I will only be able to talk about mnoGoSearch here for now, because I haven't tested the ht://Dig interface yet. The mnoGoSearch project offers a bundled CGI search interface as default. This interface is nice and easy, and works with template files so you can modify them at will (almost). But sometimes (as in this case), you need to integrate this search interface into another project, for example a PHP application. mnoGosearch also provides a PHP interface that you need to install (not so easily) on your system to be able to use PHP extension functions directly from your PHP project. Let's consider this option in more details
  • the install
The first word that comes to my mind here is "brainsquishing". Why does an install need to have the MySQL and PHP sources and recompile everything? Why isn't there an easy way to download some scripts, move them to the right place, and start to play? Apparently, this was the case previously and it stopped because integrating the mnoGoSearch functions into a C compiled extension to PHP was more efficient. Well, for me, who just want a fast, integrable solution, it's just a bad point. Not only do you need to compile these, but you also need to have the MySQL and PHP sources at hand for this compile process. Most user that want to try it on a outsourced server where they don't have near-admin permissions will be unable to use that…
  • the config
I did not get out of this compilation step, so I will write something here when I have.

Other considerations

ht://Dig (or its rundig program) seems to rebuild the index database from scratch each time it runs. Written in C++. mnoGoSearch only updates those indexes that are bound to modified sources (but does it work for database sources?). Uses database systems for creating index tables and can handle a dozen of different DBMS. Implements servers clustering and mirroring. Can do basic authentication if the webserver requires it and the settings are set for it. Supports weighting for pages structure. Supports compressed gzip format. Written in C. Both systems can do search result highlighting.
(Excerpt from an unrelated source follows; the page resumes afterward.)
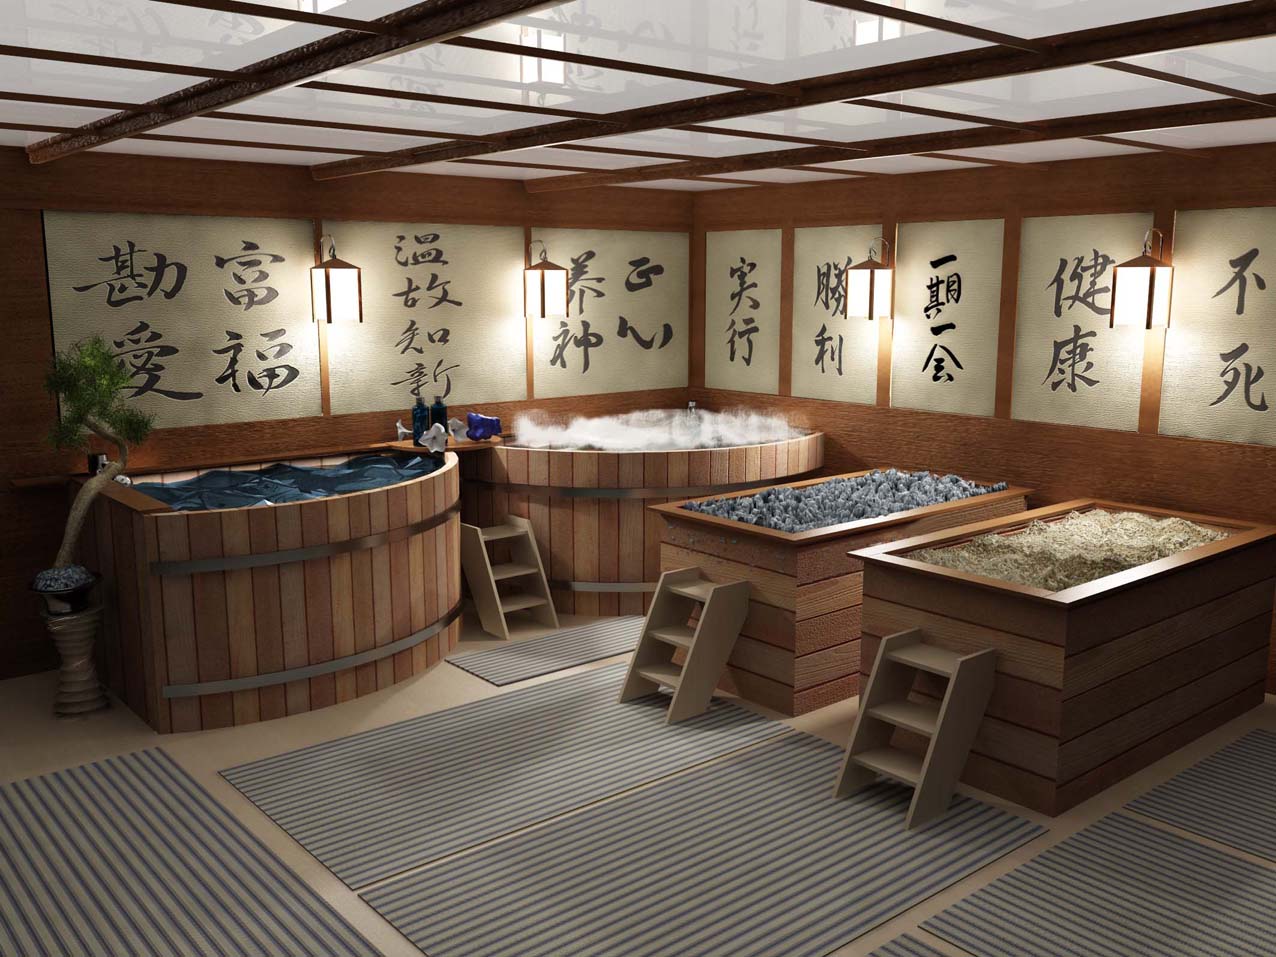 Японская баня своими руками - делаем на даче восточный уголок

[1] But mnoGoSearch (what about ht://Dig?) before version 3.2.34 didn't support cookies, so you had to configure PHP to use trans_sid, which meant the PHPSESSID was given in the URL. But you didn't want this PHPSESSID to appear in the index database, as users that would have clicked the link would have automatically been connected (depending on the session lifetime). So you had to implement something called ReverseAlias to get rid of this URL part before it got into the database. Things then became very hard to do as there was a big lack of documentation on how to use this in combination with a list of servers kept in a database table.